Sono passati dodici giorni dall’inizio dell’operazione speciale, come la propaganda dell’invasore definisce la guerra in Ucraina. Un termine che ricorda tanto le operazioni di polizia internazionale con cui venne a suo tempo chiamata la prima guerra condotta dall’Italia contro l’Iraq o la missione di pace con cui invece da noi venne rinominata la guerra in Afghanistan. Un termine che è talmente piaciuto da far da allora in poi chiamare così tutti gli interventi militari all’estero condotti dall’esercito italiano. Bugie per non parlare di armi, violenza, sopraffazione contro popolazioni civili. Che cercano di sottrarvisi scappando. 15mila persone al momento sono quelle che sono arrivate in Italia che, chiaramente, vista la distanza, non è certo in testa ai paesi meta di rifugio.

Anche a Ravenna si sono iniziate le prime attività di accoglienza. E con esse cominciano ad emergere i razzismi e le discriminazioni. C’è chi distingue tra ucraini per cittadinanza ed ucraini per provenienza, come se la guerra facesse distinzione. Poi c’è già chi sostiene che per ogni ucraino in entrata dovrebbe essere allontanato un migrante economico. Non manca chi vuole discriminare in base al colore della pelle.
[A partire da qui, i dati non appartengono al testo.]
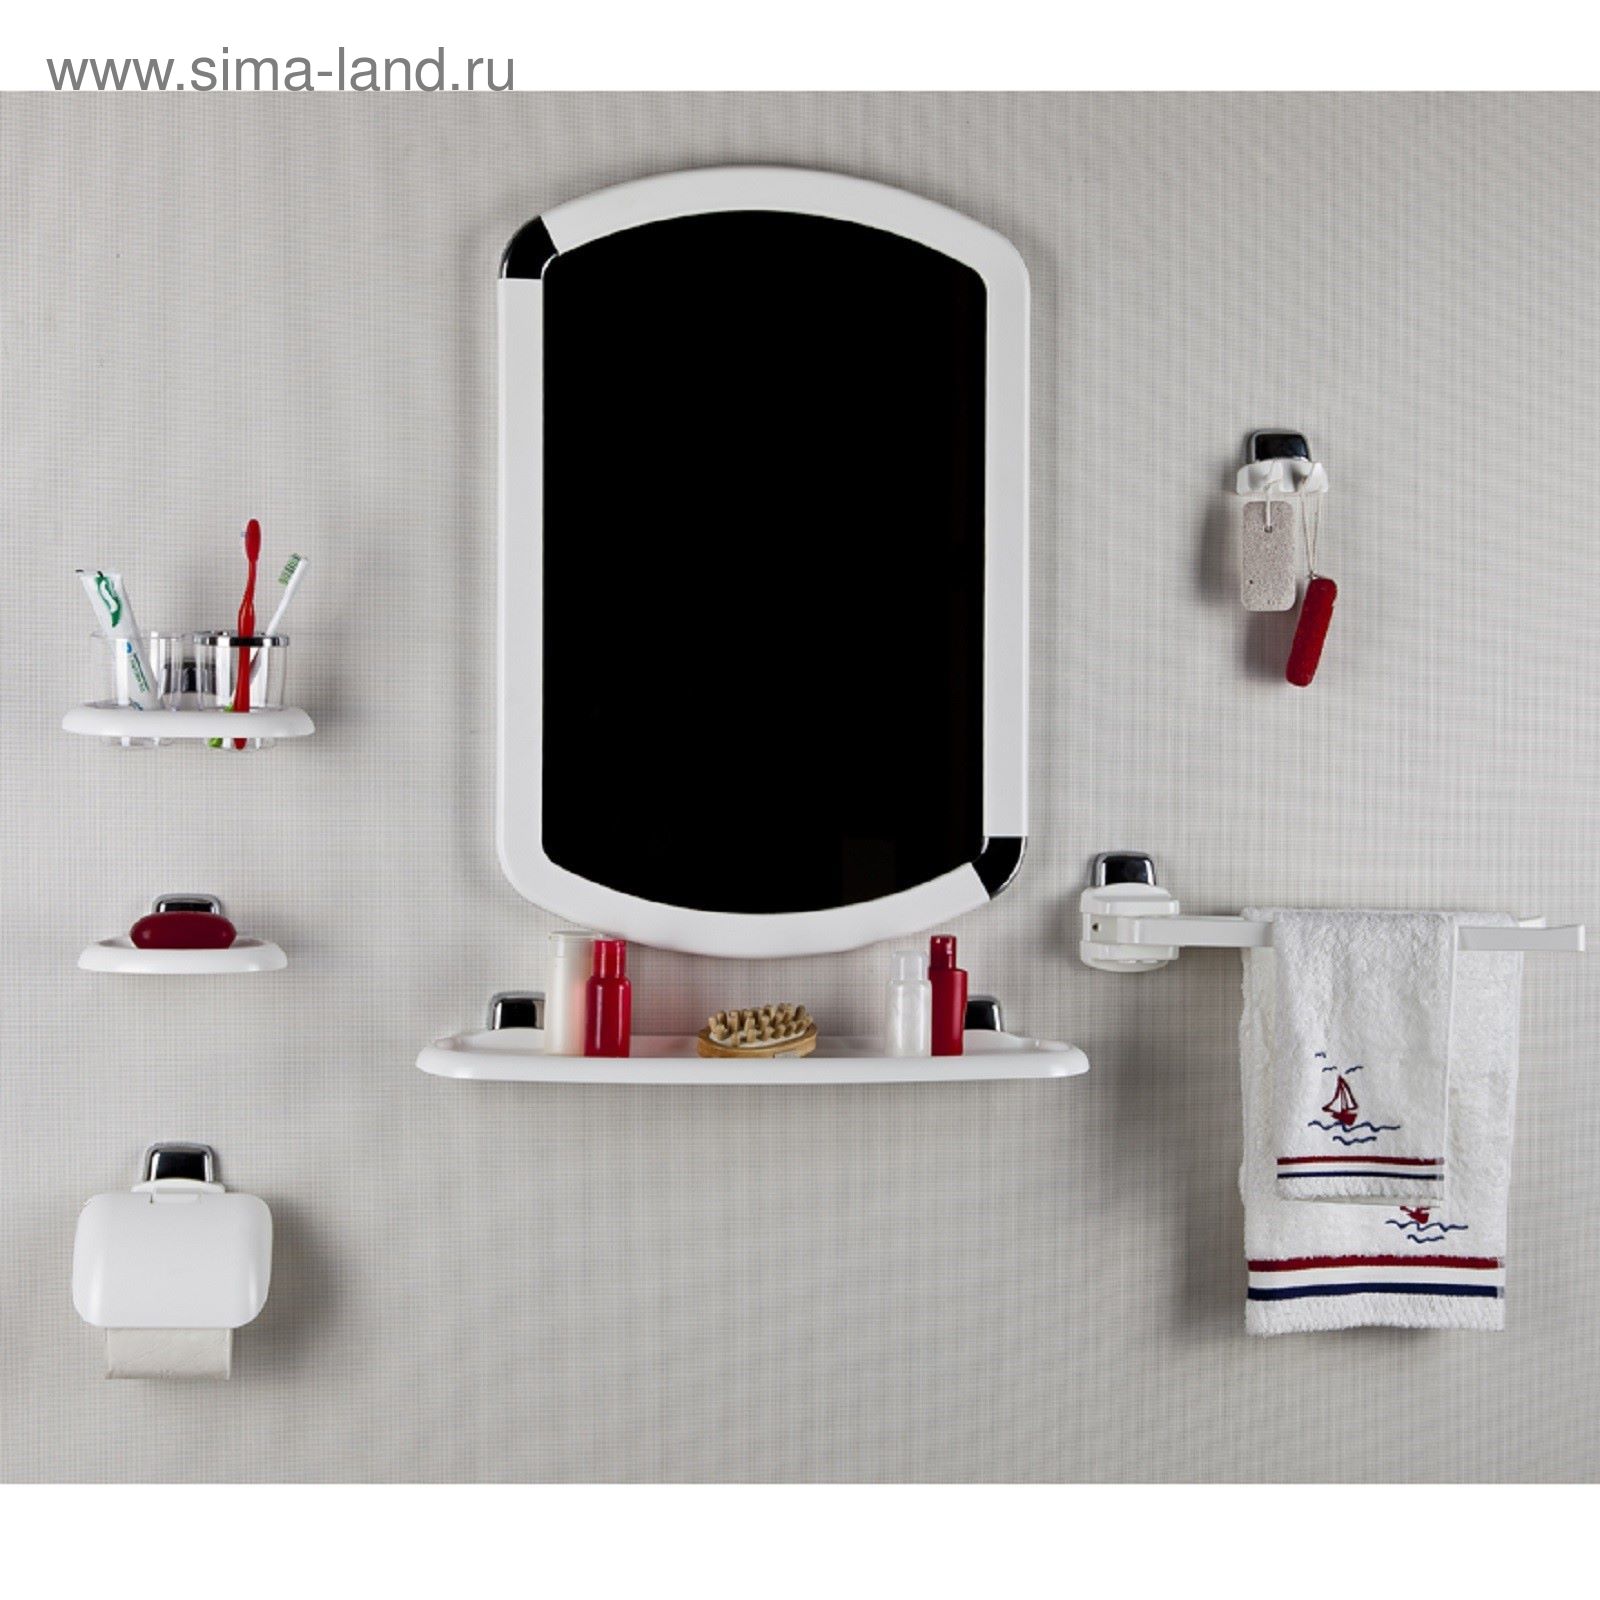 Набор для ванной с зеркалом. Комплект для ванной комнаты с зеркалом. Набор для ванной комнаты пластиковый. Зеркало для ванной пластмассовое.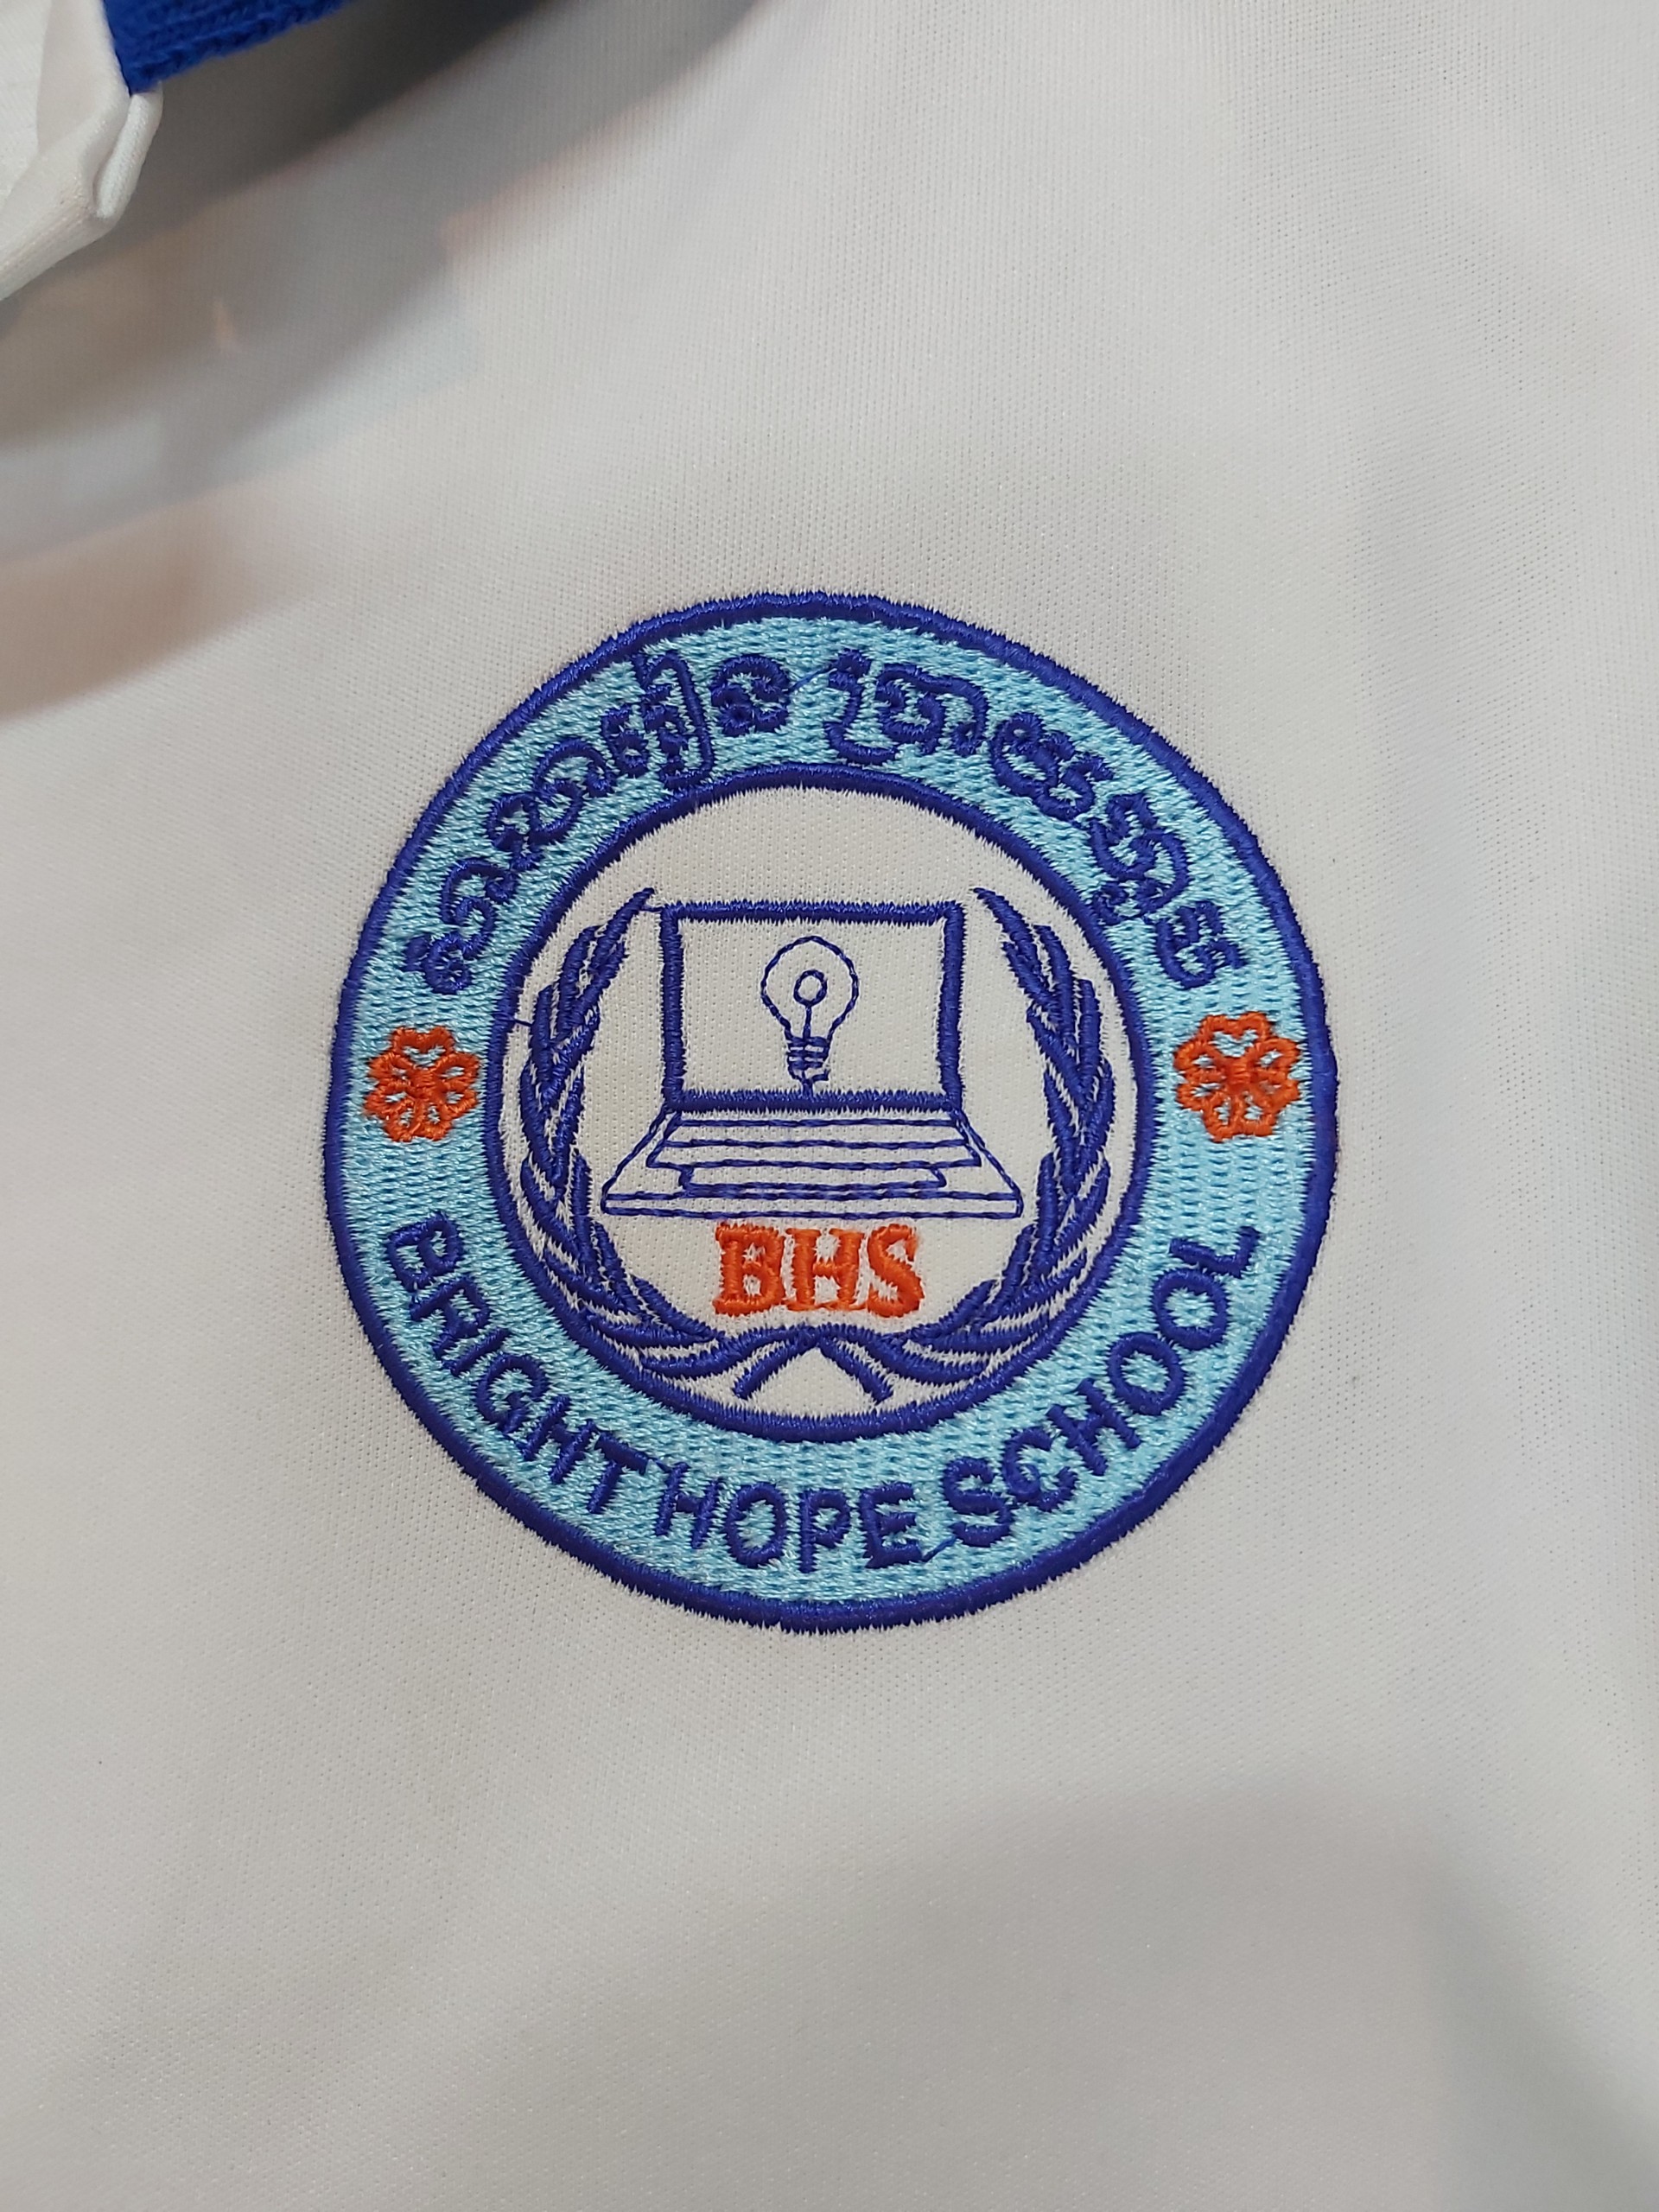 đơn thêu logo trên áo của trường bright hope school

Spiace a questo proposito scoprire che anche il Comune di Ravenna, nel promuovere raccolte fondi e accoglienza, faccia esplicito riferimento al sostegno alla sola “popolazione ucraina”. Un termine usato senza volontà di escludere, immaginiamo, ma allora meritevole di urgente precisazione. Aiutiamo chi proviene dall’Ucraina, cittadino o meno di quel Paese, senza limitare per questo l’accoglienza di chi sia partito da un altro luogo.

Come Ravenna in Comune riteniamo infatti opportuno ricordare che il nostro programma politico fin dalla nostra costituzione nel 2015 evidenzia come “in tema di diritti è sempre più importante la risposta che la città di Ravenna riesce a offrire sotto il profilo dell’accoglienza e dell’inserimento socio-economico dei migranti forzati, uomini, donne, giovani e bambine/i che sono costretti a lasciare il proprio paese per cercare protezione in Italia”. Questo in quanto “Ravenna in Comune crede nel diritto di migrare, ovvero nel riconoscere legittimamente ai cittadini di questo pianeta la possibilità di cercare ovunque un luogo dove migliorare la propria vita, a maggior ragione quando la migrazione è forzata, ovvero quando le persone non possono scegliere di rimanere nella propria patria in quanto vittime di persecuzioni individuali, di conflitti armati o di disastri ambientali dovuti ai cambiamenti climatici”.